▶ [Information shown]:
┏━━

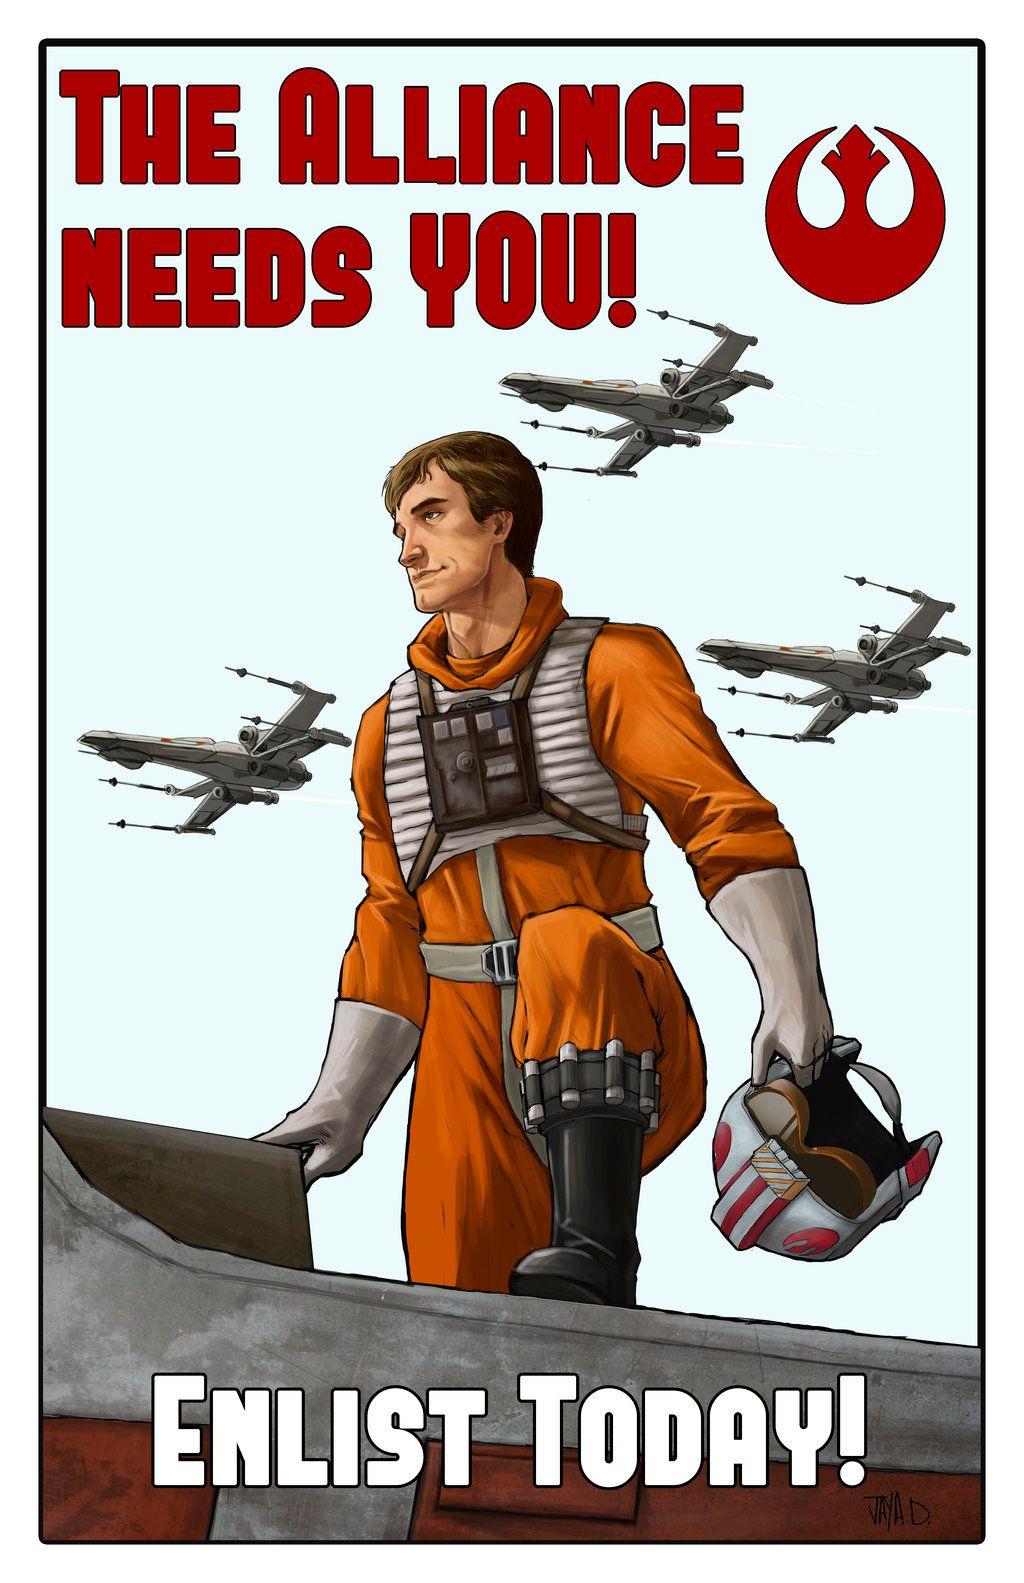 Star Wars ~ Rebel Alliance  Propaganda by Harpokrates
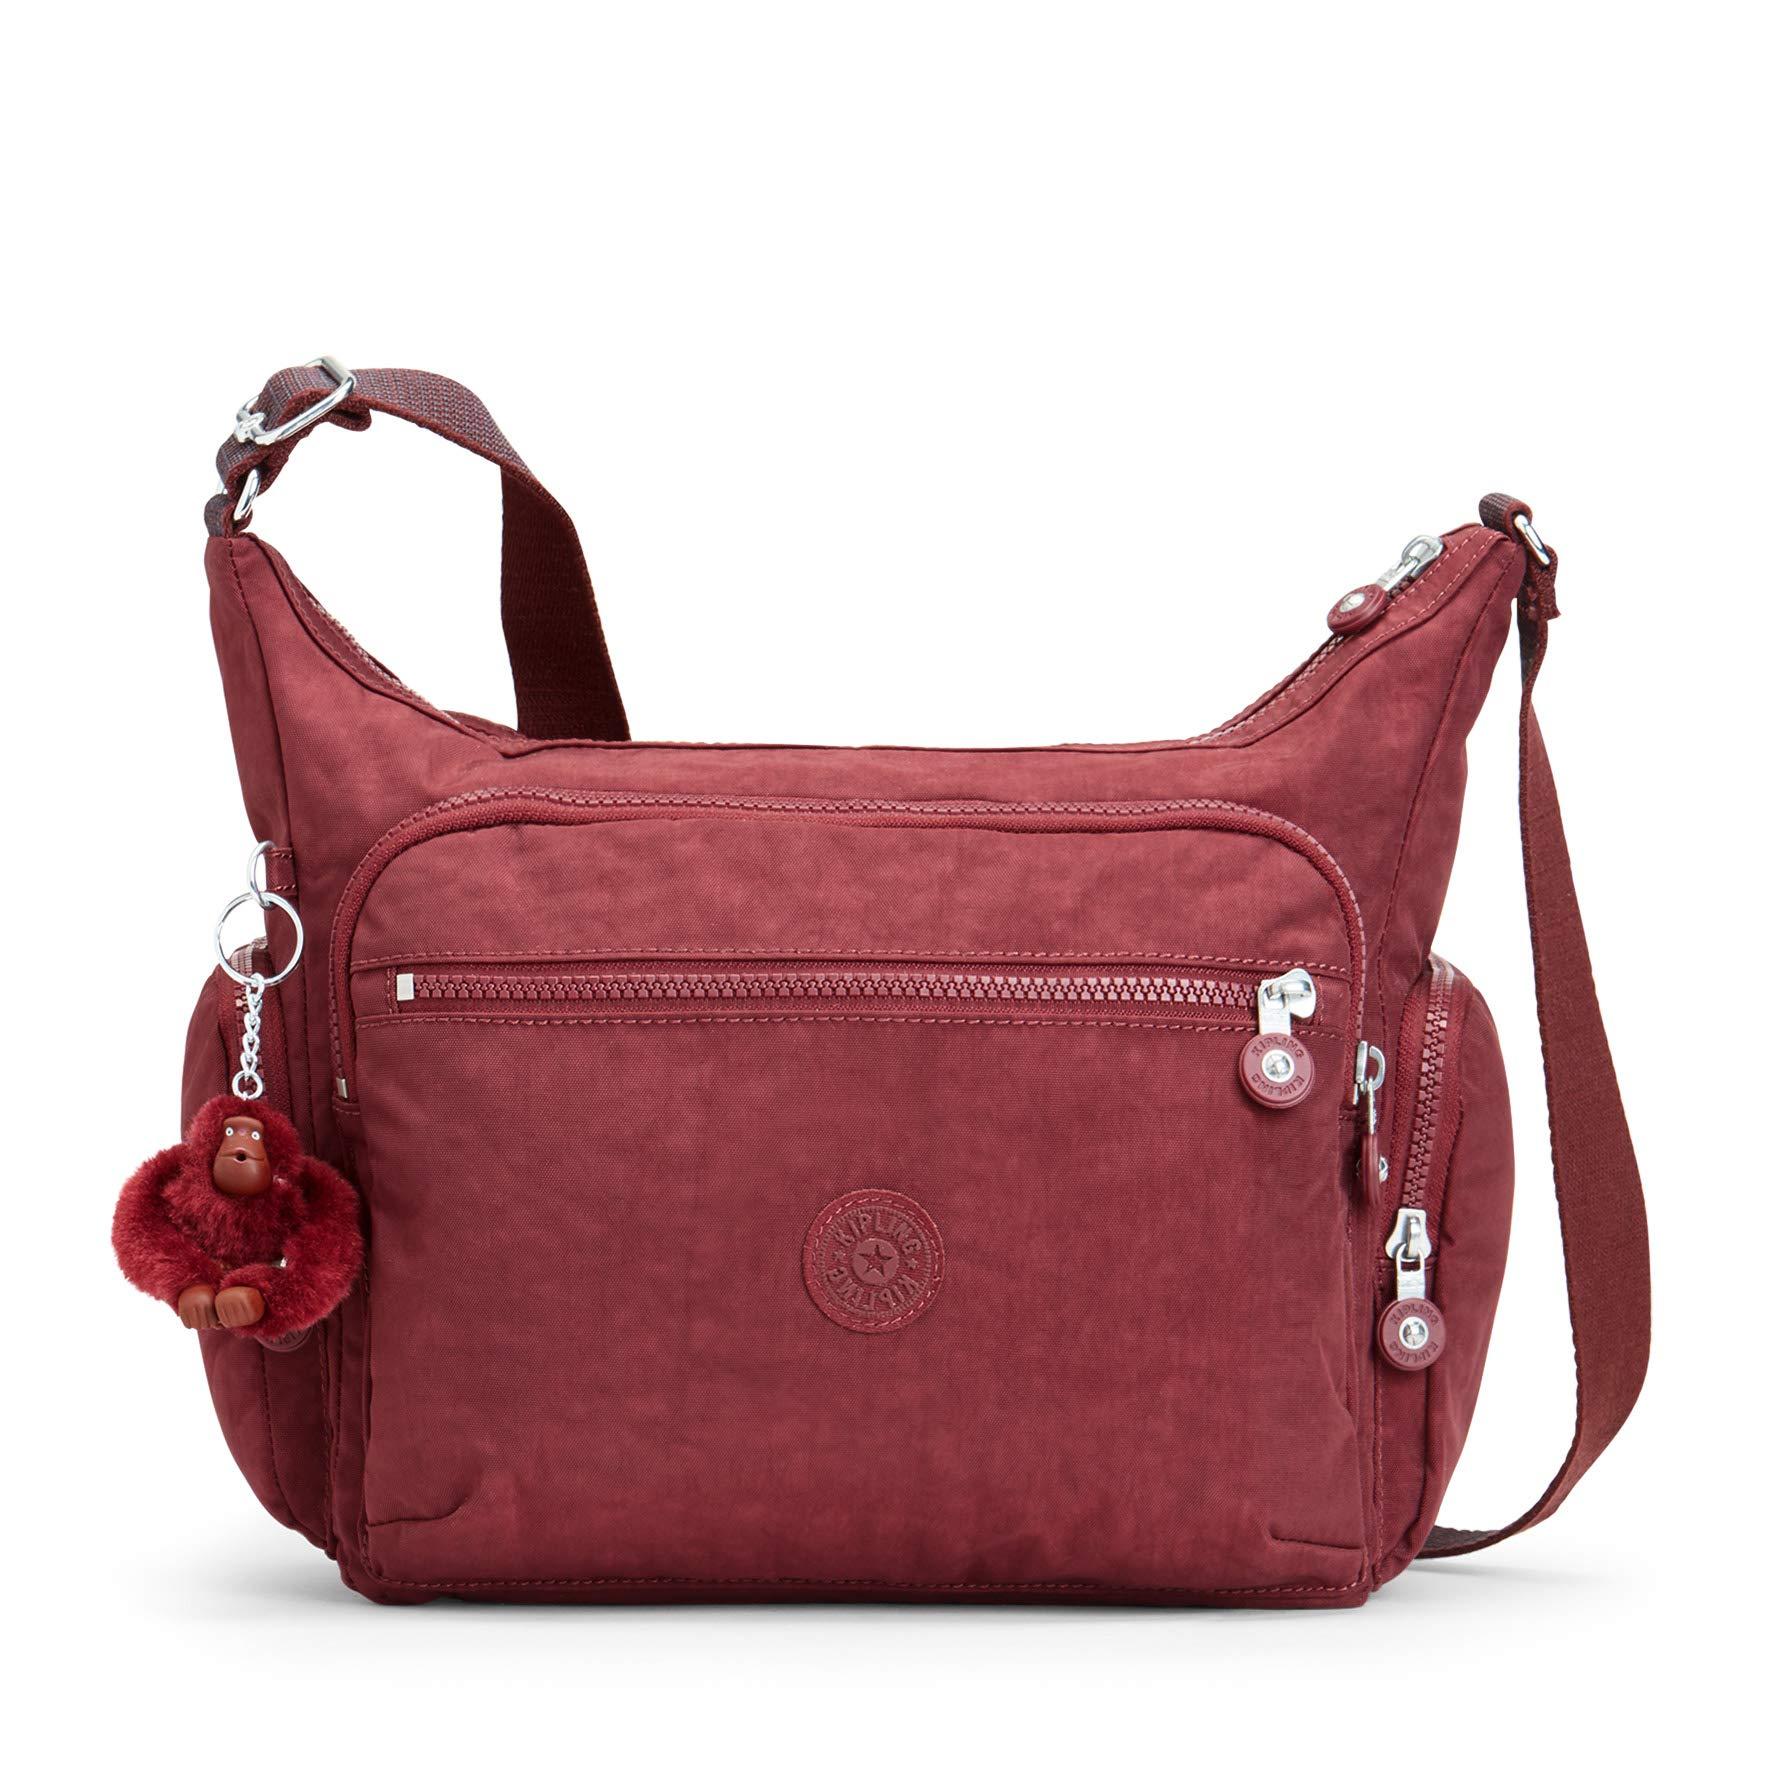 Kipling Tops Cotton Indigo Small Wallet//Cardholder BNWT
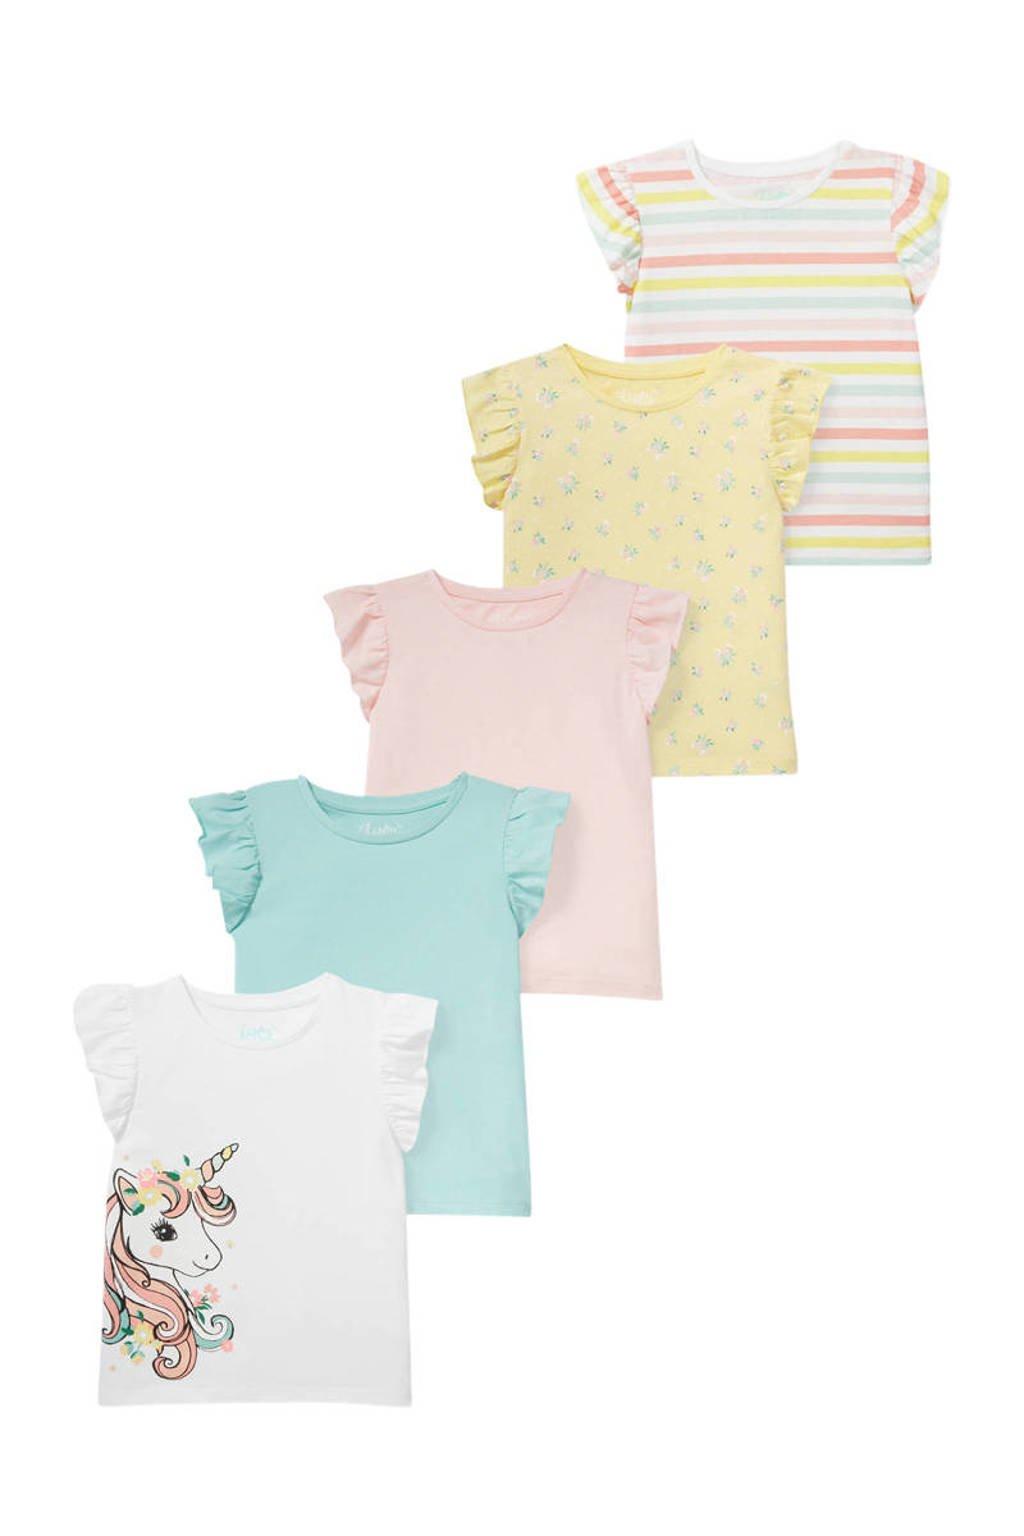 C&A Happy girls Club T-shirt - set van 5 multi, Wit/mintgroen/roze/geel

┗━━

▶ [How to complete this task]: Copy nothing but the lines from the one containing "Kipling Tops Cotton" through the last line of the listing above, transcribed exactly and with no pictures.

▶ [Finished exercise]:
 Kipling Tops Cotton Indigo Small Wallet//Cardholder BNWT
 C&A Happy girls Club T-shirt - set van 5 multi, Wit/mintgroen/roze/geel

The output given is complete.